Coger lo que la señora Naturaleza ofrece a veces puede ser mejor que jugar a
ser la propia naturaleza. Siempre está planeando la duda sobre qué será mejor
ante la disyuntiva que muchas veces se plantea entre la idoneidad de ingerir
productos lácteos o la inclinación más sofisticada por engullir suplementos
vitamínicos que suplan esa parte de la dieta. "Hay que mirar el ejemplo de la
leche materna. Uno de los condicionantes para una buena absorción del
calcio
es estar precisamente unido a la lactosa, integrado en el sistema ecológico de
la leche. Como mejor se absorbe el calcio y la
vitamina D es en el sistema ecológico de la leche y con la lactosa incluida.
Hay gente que es intolerante a la lactosa y prefiere tomar preparados de calcio.
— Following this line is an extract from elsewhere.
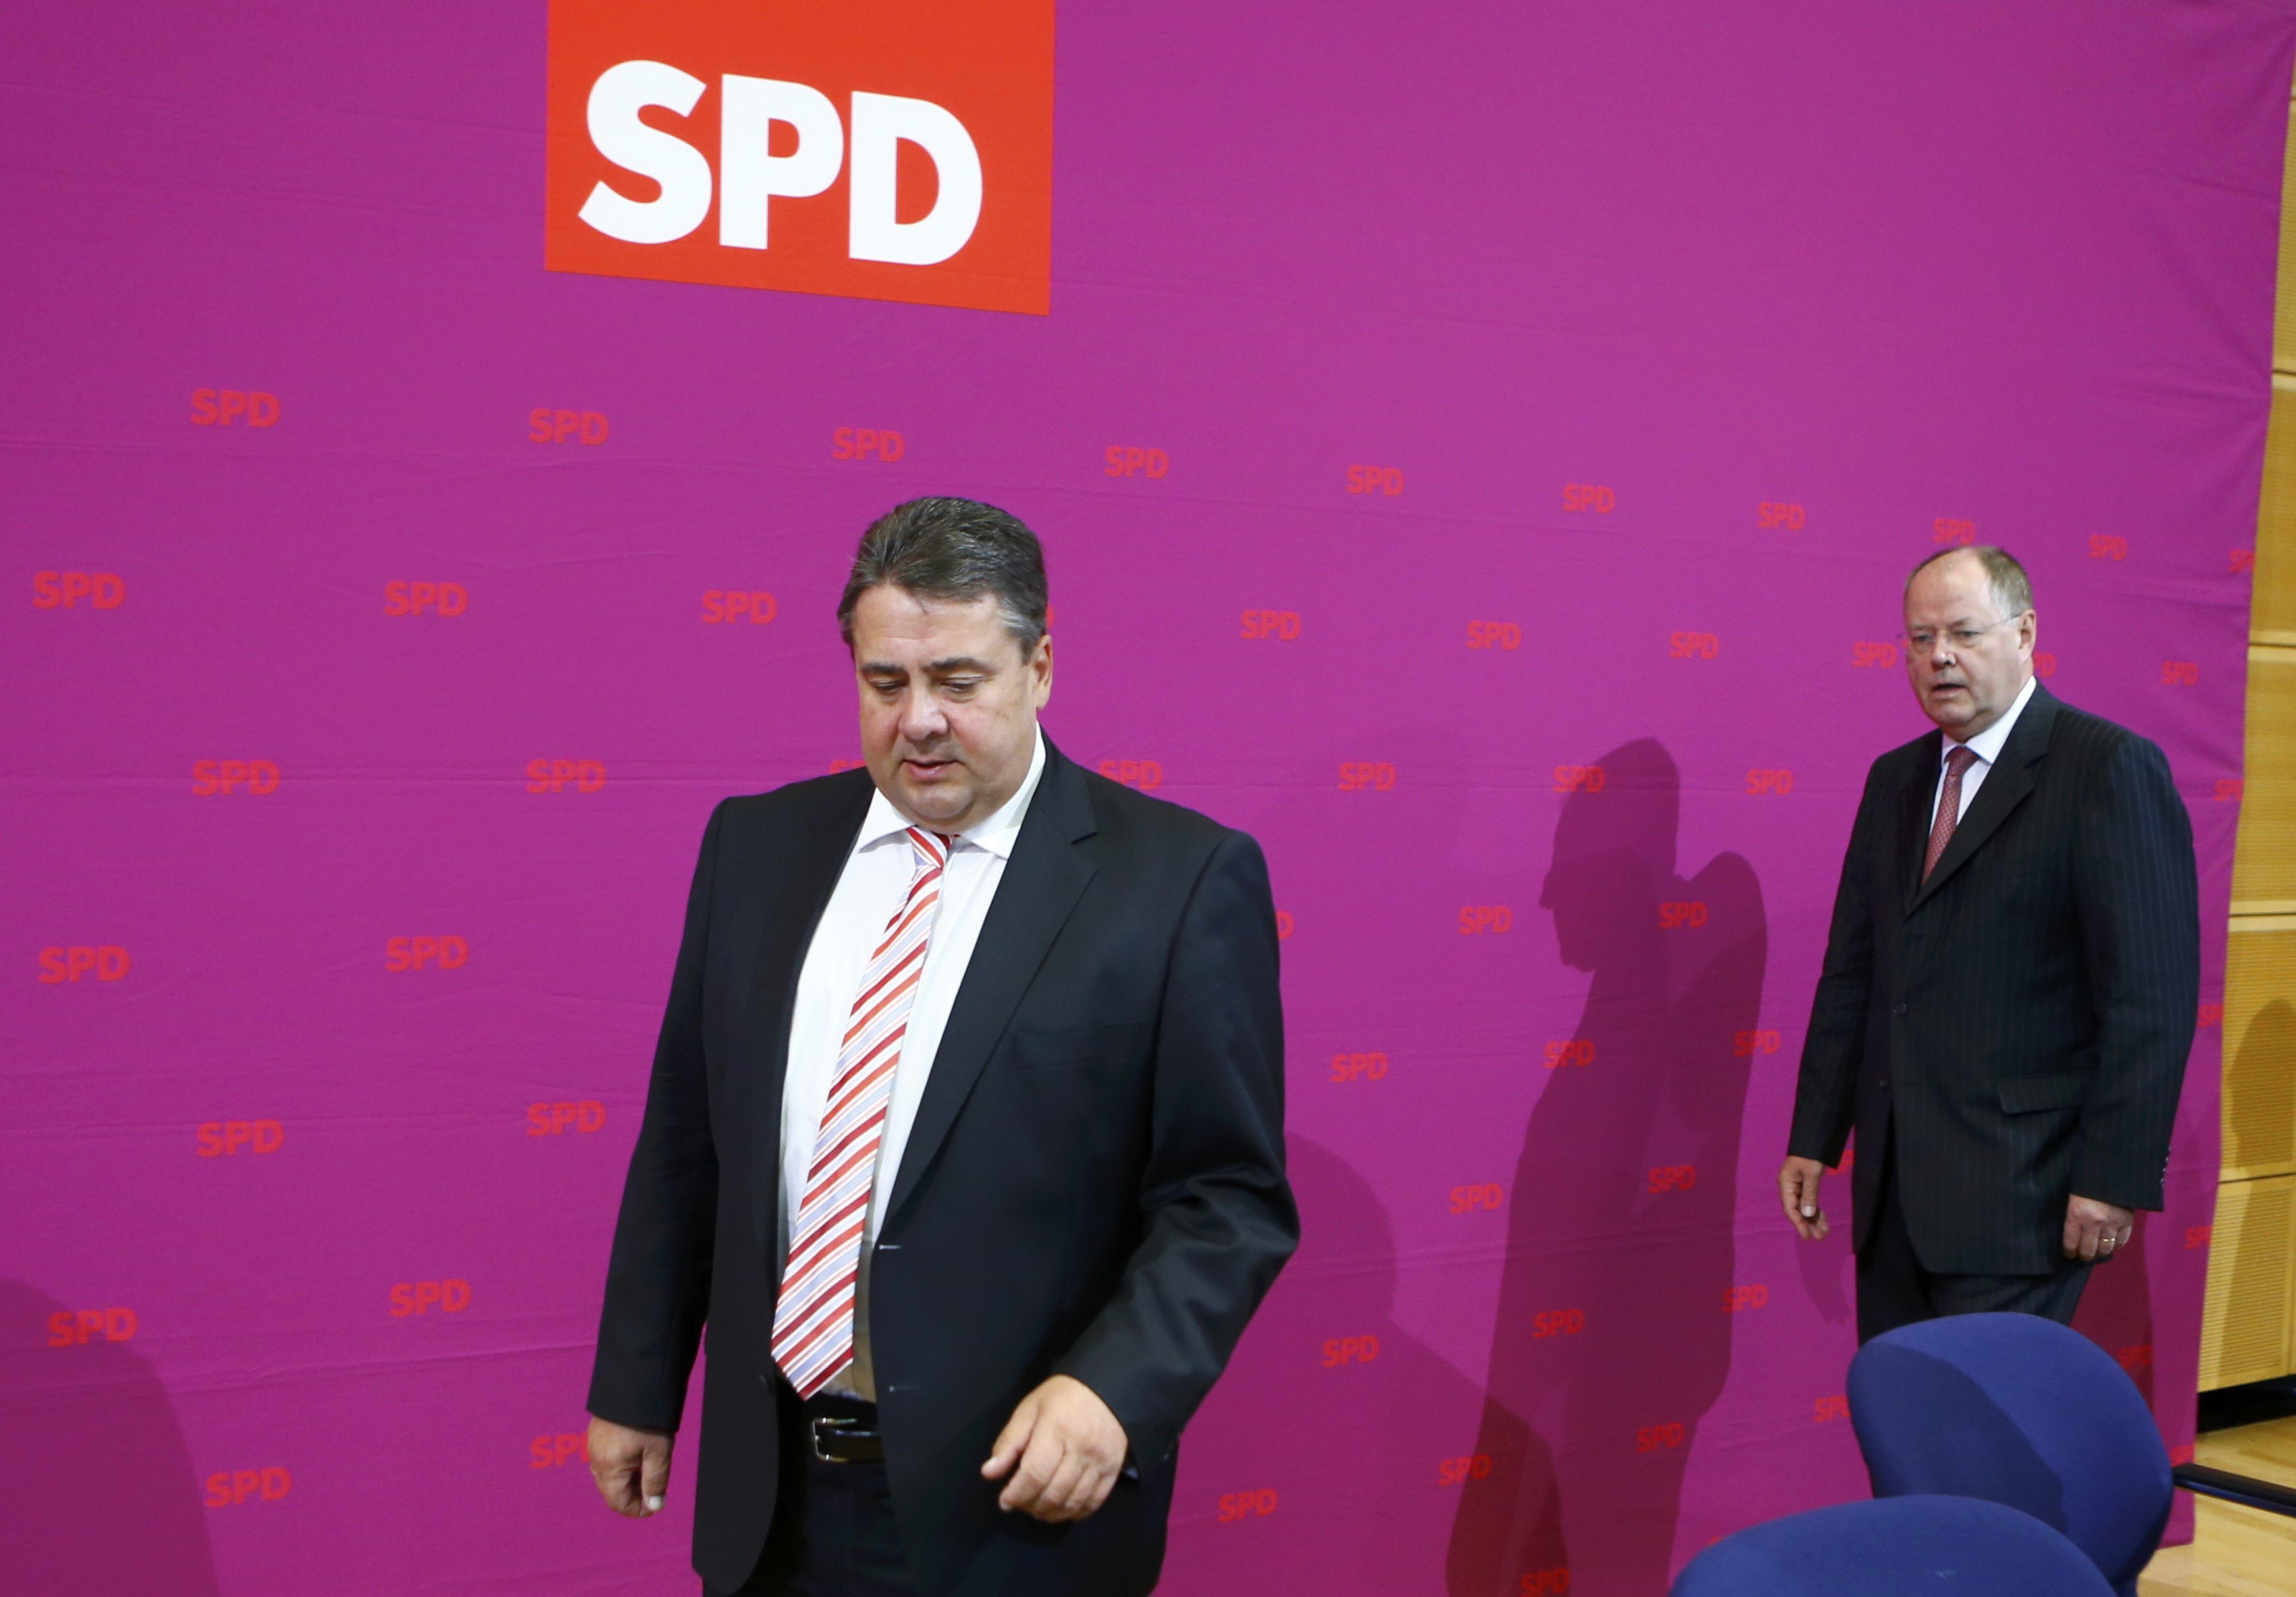 “Ανοιχτοί σε διαπραγματεύσεις με το κόμμα της Μέρκελ”, είπε ο πρόεδρος του SPD

Depende de casos así, pero si no, hay que apostar por sistemas ecológicos de
alimentos naturales".
A pesar de todas las propiedades que se van atribuyendo a golpe de estudio a los
productos lácteos, Sastre todavía cree que el filón se tiene que explotar más.
La cantera se puede barrenar más sin miedo a agotarla o a hacer estudios sobre
un terreno científico que pueda parecer baldío o agotado. "Aunque hay muchos
trabajos sobre el tema, hasta ahora no se había tratado como un asunto que
mereciera investigaciones. Toda la investigación sobre nutrición es
relativamente moderna. Aunque los descubrimientos de ciencia nutricional ya se
remontan al siglo XIX, el análisis pormenorizado y la influencia sobre la
biología humana de determinados nutrientes está ahora en plena expansión; se
habla incluso de alimentos funcionales y ahí están los transgénicos".
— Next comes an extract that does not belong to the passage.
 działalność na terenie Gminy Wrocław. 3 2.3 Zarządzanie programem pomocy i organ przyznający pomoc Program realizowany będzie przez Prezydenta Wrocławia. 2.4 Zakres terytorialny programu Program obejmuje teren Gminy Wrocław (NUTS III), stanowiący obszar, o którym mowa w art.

Cuando medio mundo se está acostumbrando a poner la coletilla de transgénico a
cualquier alimento, las vacas y las ovejas no podían quedar impertérritas ante
la llegada de lo transgénico. Los productos lácteos no van a escapar a su poder
de seducción, pero ¿cómo resultará? "Si contestara taxativamente me habría
adelantado a todos los sabios, ya que ninguno se ha pronunciado".